Code the Law Weekly #1
Welcome to Code the Law Weekly, a semi-serious glimpse at what's new, interesting, dumb and provocative in our rapidly changing field.
Missing the Point
The lawyer who used ChatGPT to create fake citations and the judge who wants every lawyer to double-dog-certify that their citations aren't fake. These two should meet in a steel cage.
The OpenAI investor who said the "legal field is in big trouble" because he knows some folks who are using ChatGPT to create complex contracts. But apparently he's not trading in his own lawyers for ChatGPT.
Getting the Point
Congressional Research Service published a primer on generative AI and data privacy. Congress may not read it, but you should.

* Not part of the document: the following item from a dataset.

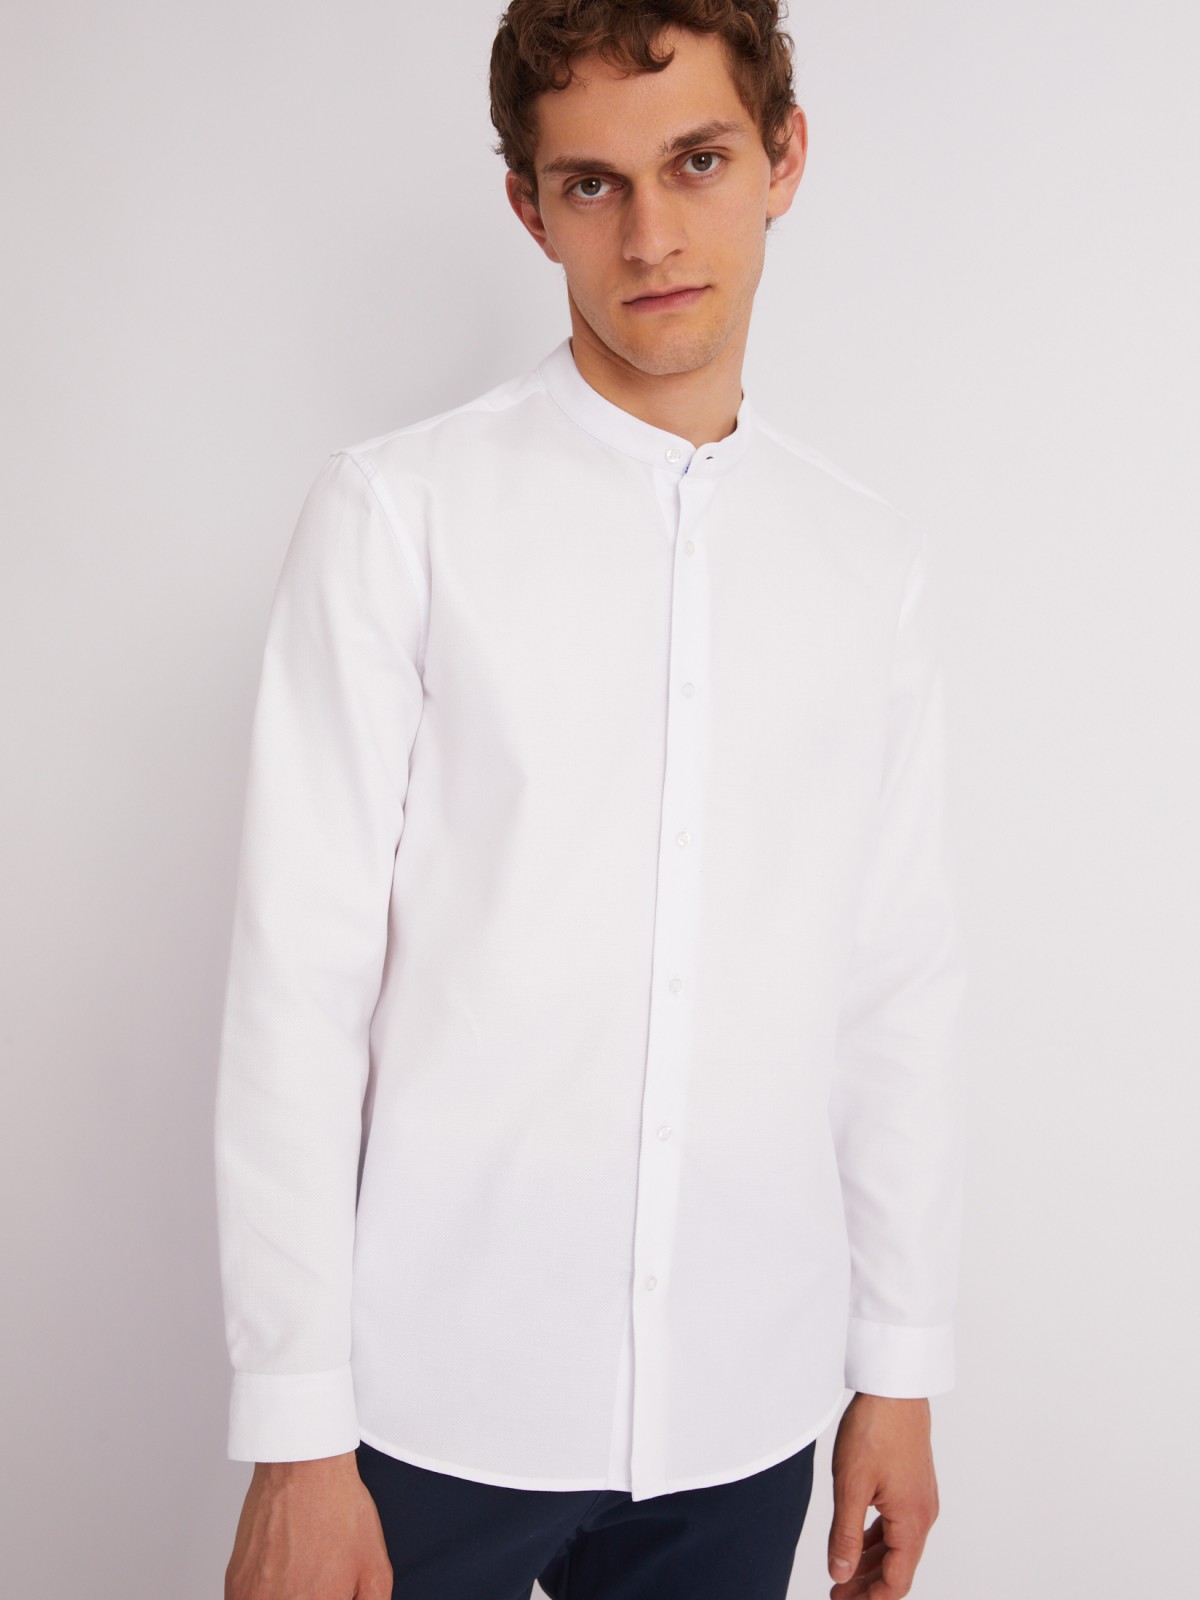 Офисная рубашка с воротником-стойкой и длинным рукавом zolla 013312159023, цвет белый, размер M - фото 4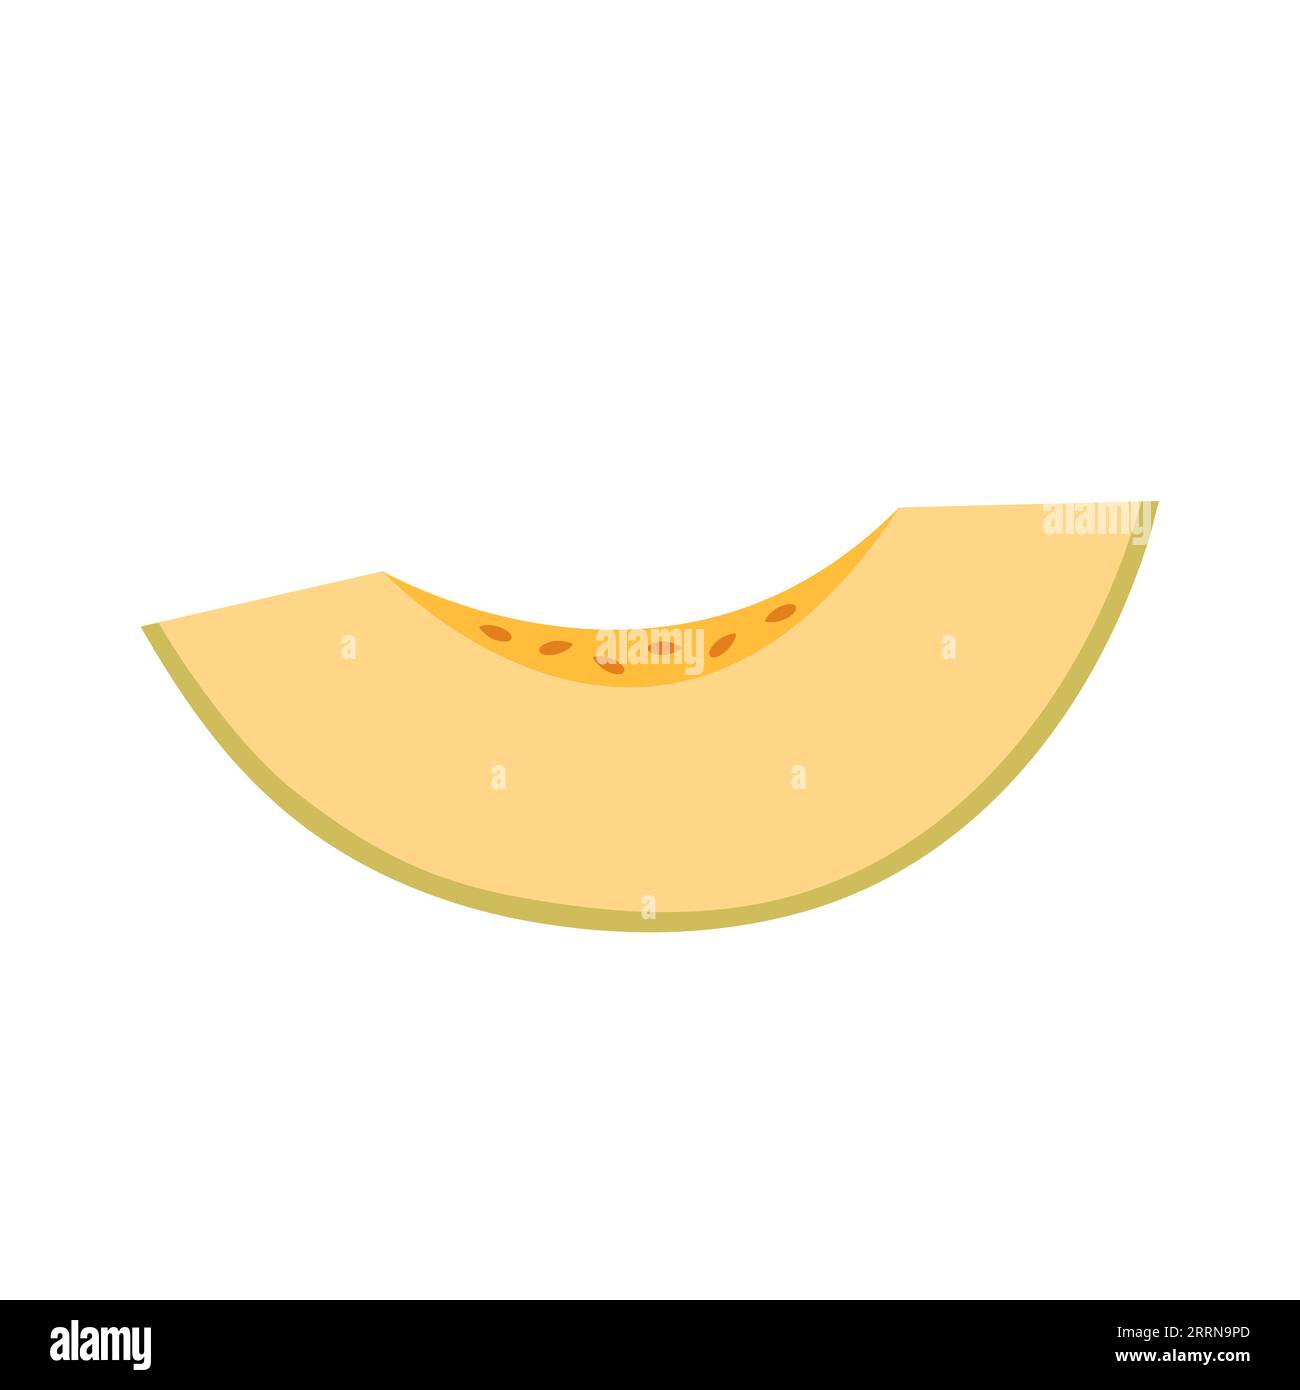 Melone. Fetta di frutta fresca. Pezzo tagliato con polpa gialla succosa. Illustrazione vettoriale dei cartoni animati piatta isolata su sfondo bianco. Illustrazione Vettoriale

EPIC and it's cute frowning robot serve a heaping helping of harms that could result from unregulated generative AI.
Marc Andreesen believes AI will eat save the world.
Sarah Glassmeyer drops a new remix of a familiar tune: law should be open.
OpenAI shared research on an LLM training method called process supervision, which might help discourage hallucinations.
The MIT-convened Task Force on Responsible Use of Generative AI for Law failed to use the entire alphabet in it's name but succeeded in publishing an initial draft of principles.
Makers & Doers
Midpage has a Chrome extension that detects caselaw citations and offers quick AI-generated summaries. Jureeka and Bestlaw must be proud.
LLMShield has a scary website and intriguing approach for helping to avoid privacy and security slip-ups.
MultiLingualPile wins a naming Pulitzer for its "humongous, openly available, corpus of multilingual law texts spanning across numerous jurisdictions.
LexLab looks to accelerate justice tech.
Keeping an Eye On ... the Thingamajig Layer
So far there's LLMs, there's apps wrapped around LLMs, and then there's these other thingamajigs like Langchain, Streamlit, perhaps QuantumBlack Horizon and - in law land - Kelvin Legal and Lega. I'm not really sure what to call this things - platforms, operating systems, frameworks, intermediaries, gatekeepers, helpers? For now I'll just call them part of the thingamjig layer, which sits between LLMs and LLM-powered applications.
What this layer does is make it easier (and in some cases safer) for builders to use and adapt LLM capabilities or to combine them with other services in interesting ways. This seems useful, and I'm naturally inclined toward anything that enables builders. In the legal field, however, there's the big question whether legal organizations can (or should) develop the expertise to be builders. As you might expect, I have some strongly held views on that ... but for now it's worth keeping an eye on this intriguing layer of the generative AI technology stack.